Шарлотта посмотрела на него и вдруг почувствовала, что мозг ее начал работать быстро-быстро и решение, которое она так долго откладывала, оказалось принятым почти без ее участия.

– Я тебе расскажу, когда мы туда приедем. А пока собери в дорогу то, что тебе понадобится. Я уже заказала тебе билет.

– А Джорджи едет?

– Нет. Она говорит, что не может, у нее экзамены в колледже сразу же после каникул.

– А она знает, почему ты едешь?

– Да, конечно, – ответила Шарлотта.

Когда они прилетели в Корк, там шел дождь – мелкий, серый, больше похожий на водяную пыль. Шарлотта принюхалась: воздух был какой-то странновато-сладкий, нежный и приятный.

– Похоже, мне тут понравится, – проговорила она.
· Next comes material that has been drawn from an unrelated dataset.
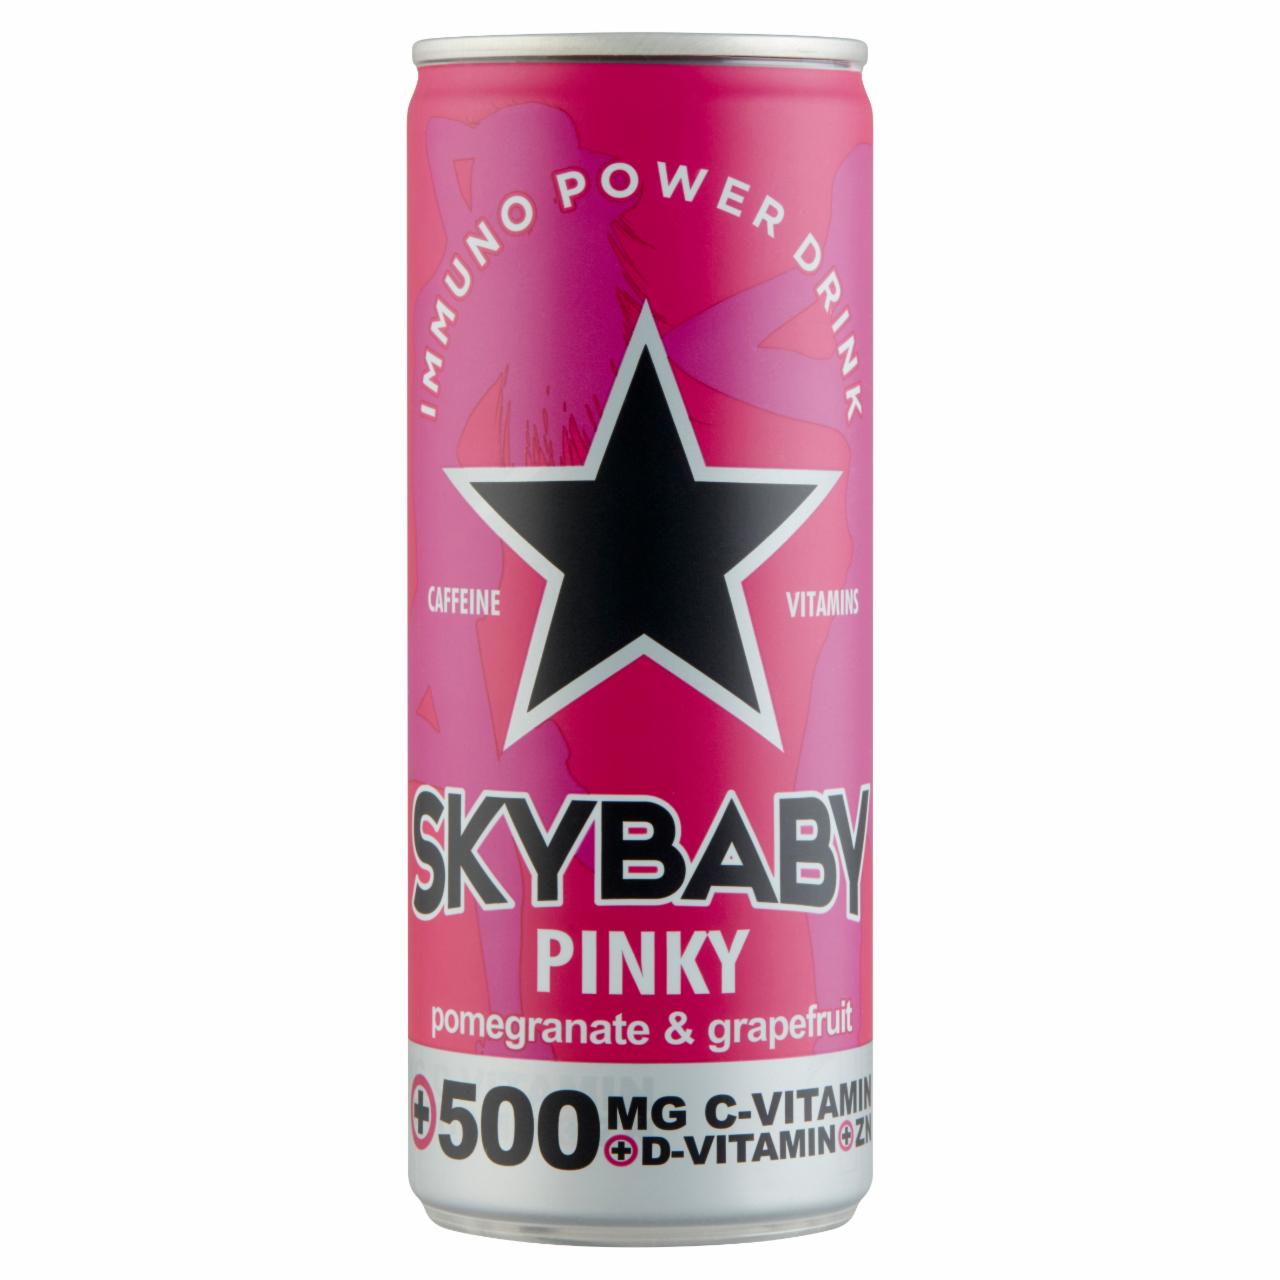 Képek - Skybaby Power Drink Pinky szénsavas grapefruit és gránátalma ízű alkoholmentes ital 0,25 l

Она забронировала по телефону места в гостинице «Ферма Хилскелин»; туда они добрались довольно поздно, потому что Макс по дороге настоял на том, чтобы заехать в Бларни и подняться там на сорокавосьмифутовые крепостные укрепления – поцеловать знаменитый камень. [20]20
  Одна из туристских достопримечательностей Ирландии, камень в замке Бларни, графство Корк: по преданию, поцеловавшие этот камень обретают способности к красноречию, умение произносить медоточивые речи, удачно льстить – обычно все это с целью обмана или получения какой-то выгоды. Само слово «blarney» означает «сладкая, но низкая лесть».


[Закрыть]
Сама гостиница оказалась небольшим домиком в георгианском стиле, стоящим на полпути между Корком и Бэндоном; она ничуть не напоминала собой ту старую развалину, которую нарисовала в своем воображении Шарлотта.

Они ужинали (семгой, шотландским тетеревом и молочным пуншем, причем к ужину предложили несколько великолепных вин) в столовой таких идеальных пропорций, что она прекрасно смотрелась бы и в Хартесте, если бы ее туда перенести. После ужина сидели в гостиной возле громадного камина и пили кофе по-гэльски; Шарлотта посмотрела на Макса, вытянувшегося в кресле напротив нее, и вдруг подумала, что он выглядит совсем как взрослый и что он очень даже приятный попутчик; а подумав так, вздохнула.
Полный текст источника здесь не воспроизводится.